Many learn skills but few become entrepreneurs

- BHAWANI BHATTA, Kanchanpur
Many learn skills but few become entrepreneurs

Mar 6, 2015-

Very few of the youths who receive skills training from the Cottage and Small Industry Office, Kanchanpur go on to set up their own businesses. The office had imparted various types of training to 174 young people of the district to develop their skills so that they could go into business on their own, but only 10-15 percent have done so.

Of the 20 youths who were trained in hair dressing in the last fiscal year, only three have established salons. Similarly, the youths who received training in other areas have shown no entrepreneurial desires.

The Cottage and Small Industry Office had run training classes in making dalmoth, sewing, machine repair and maintenance and house wiring. “Only 10-15 percent of the youths who received training have utilized their skills to start enterprises,” said Hemanta Bahadur Singh, an officer at the Cottage and Small Industry Office. “We don’t know what the others have done after receiving training.”

Singh added that it had become a tradition for people with plenty of leisure to join training classes to kill time. “So the trainings have not been very effective in encouraging entrepreneurship. Women who have learned sewing might be using their skills at home, but there has not been enough effort to use the skills for commercial purposes,” said Singh.

In addition to the Cottage and Small Industry Office, the Council for Technical Education and Vocational Training (CTEVT), Women Development Office, Land Reform Office and Kanchanpur Chamber of Commerce and Industry have been providing various types of training to local unemployed youths. But a majority of them have not been utilizing their skills properly.

“We have been providing training to 400-500 youths annually,” said Tarka Raj Bista, chief of the CTEVT, Mahendranagar. “But half of them don’t start any enterprises.” He added that lack of capital had discouraged many youths from going into business. “There should be a programme to teach the trainees to utilize their skills for commercial purposes.”

According to Bista, the CTEVT is preparing to start monitoring the youths who have received training from them.

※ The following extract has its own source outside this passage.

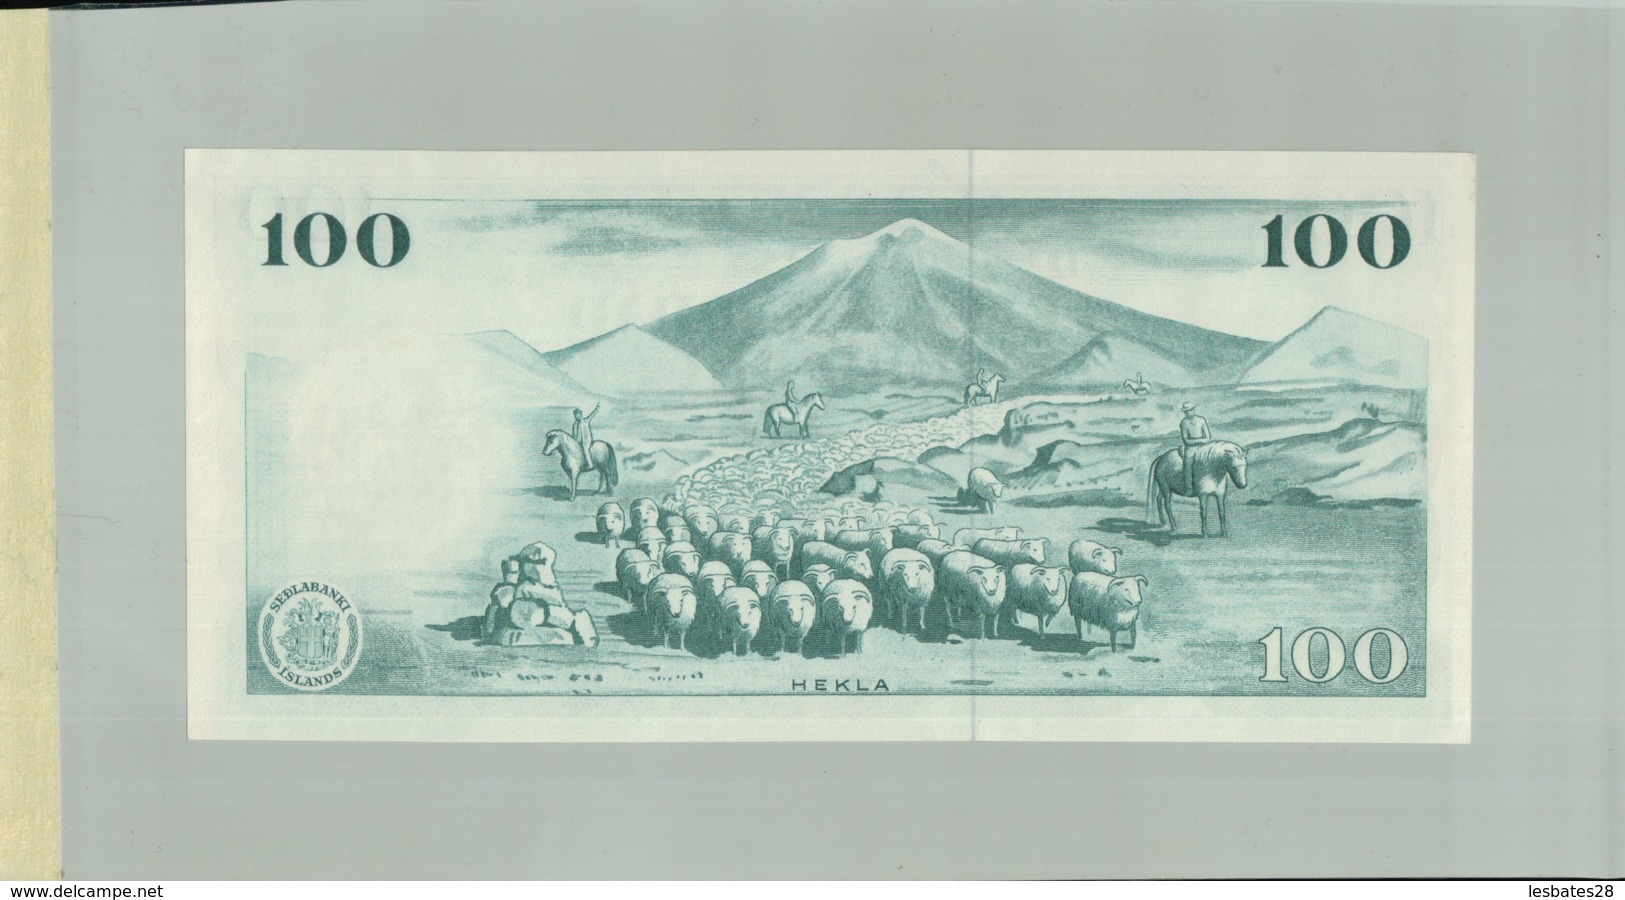 Billet De Banque Sedlabanki  Island Iceland, 100 Kronur, 1961 DEC 2019 Gerar - Islande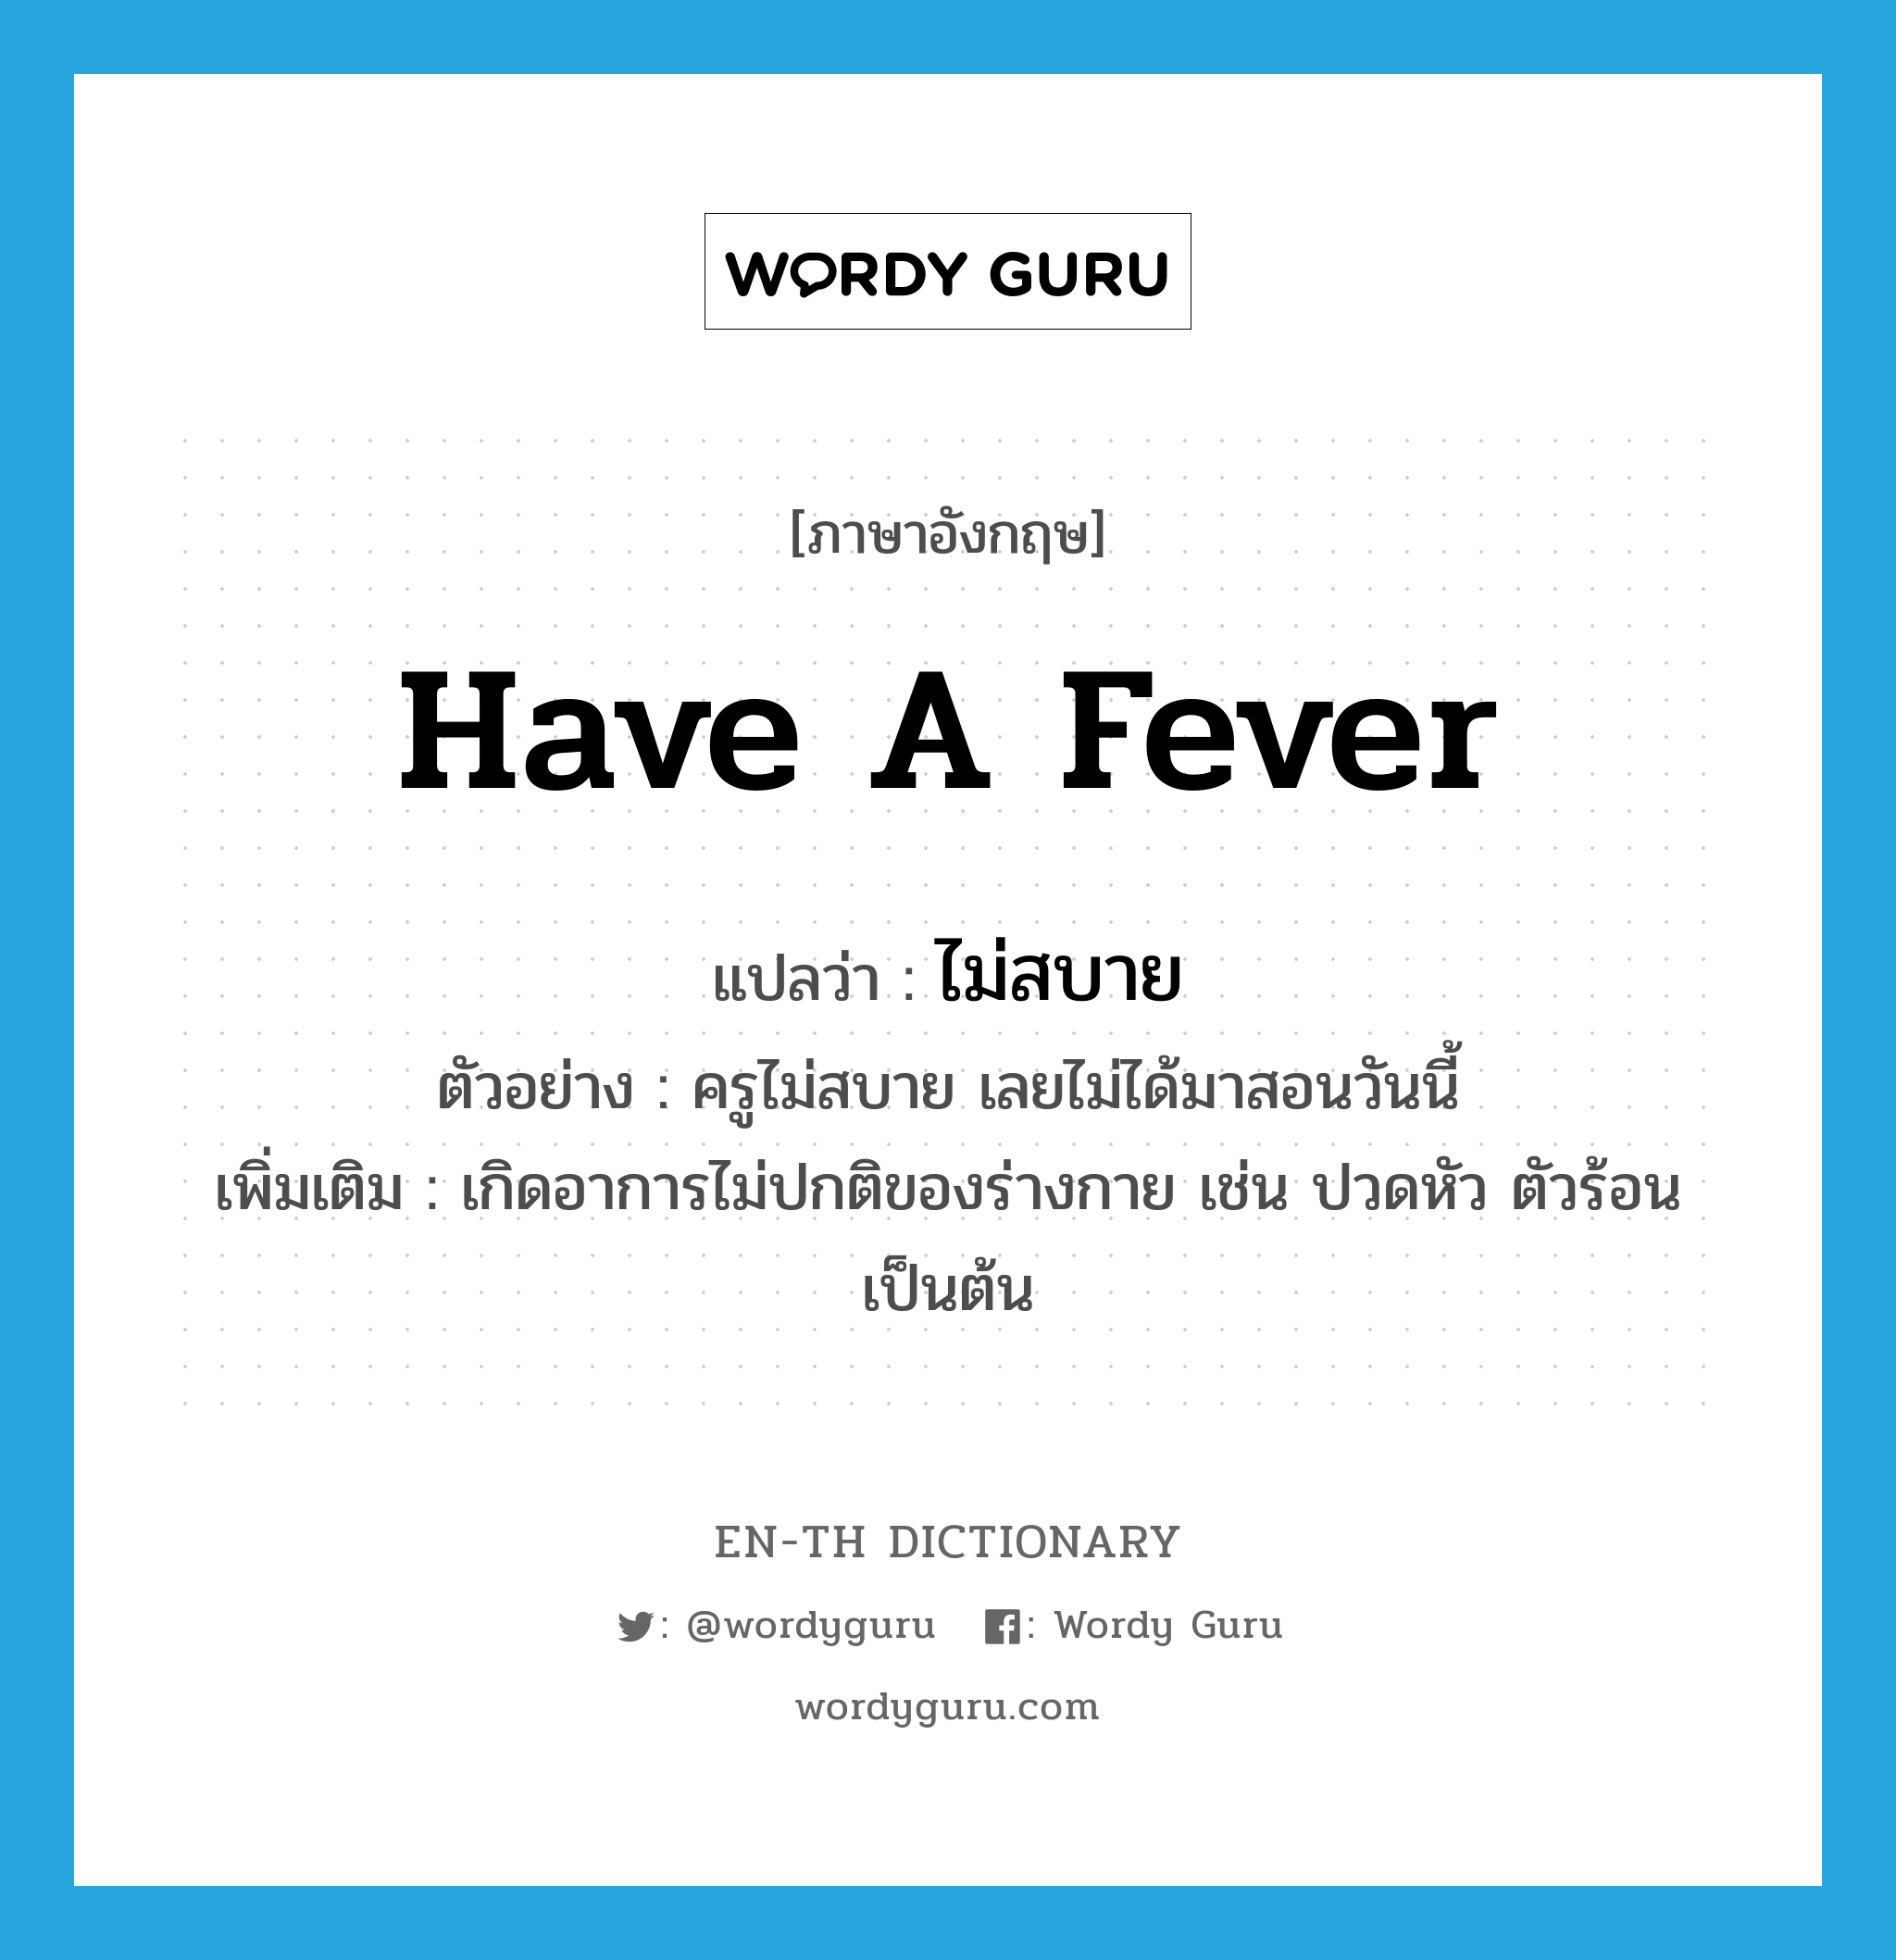 have a fever แปลว่า?, คำศัพท์ภาษาอังกฤษ have a fever แปลว่า ไม่สบาย ประเภท V ตัวอย่าง ครูไม่สบาย เลยไม่ได้มาสอนวันนี้ เพิ่มเติม เกิดอาการไม่ปกติของร่างกาย เช่น ปวดหัว ตัวร้อน เป็นต้น หมวด V

The CTEVT has been providing trainings in the areas of wiring, plumbing, computer, sewing, beauty parlour and motorcycle maintenance, among others.  

“We have also been providing training to those who are planning to go for foreign employment so that they can earn better salaries,” said Bista. The foreign job aspirants have been provided training to be cooks, waiters, off-season vegetable farmers, mushroom farmers and salesmen. Various organizations based in Kanchanpur have been providing training to 4,000-5,000 youths every year. They said that less than 25 percent of the students have utilized their skills for commercial purposes.

“It has become necessary to adopt stringent criteria when selecting candidates for training,” said Singh. “Only those who are actually in need of training will utilize the skills they have learned for commercial purposes.” According to him, some youths join the training programme to collect the allowance given to them as some organizations provide pocket money.

Similarly, those who have received training from the Land Reform Office have not been fully utilizing their skills. This office has been providing training to become carpenters, masons and tailors, particularly to emancipated Kamaiya bonded labourers.  “The emancipated Kamaiyas have utilized the skills they have learnt better than other trainees,” said Janaki Karki, officer at Land Reform Office.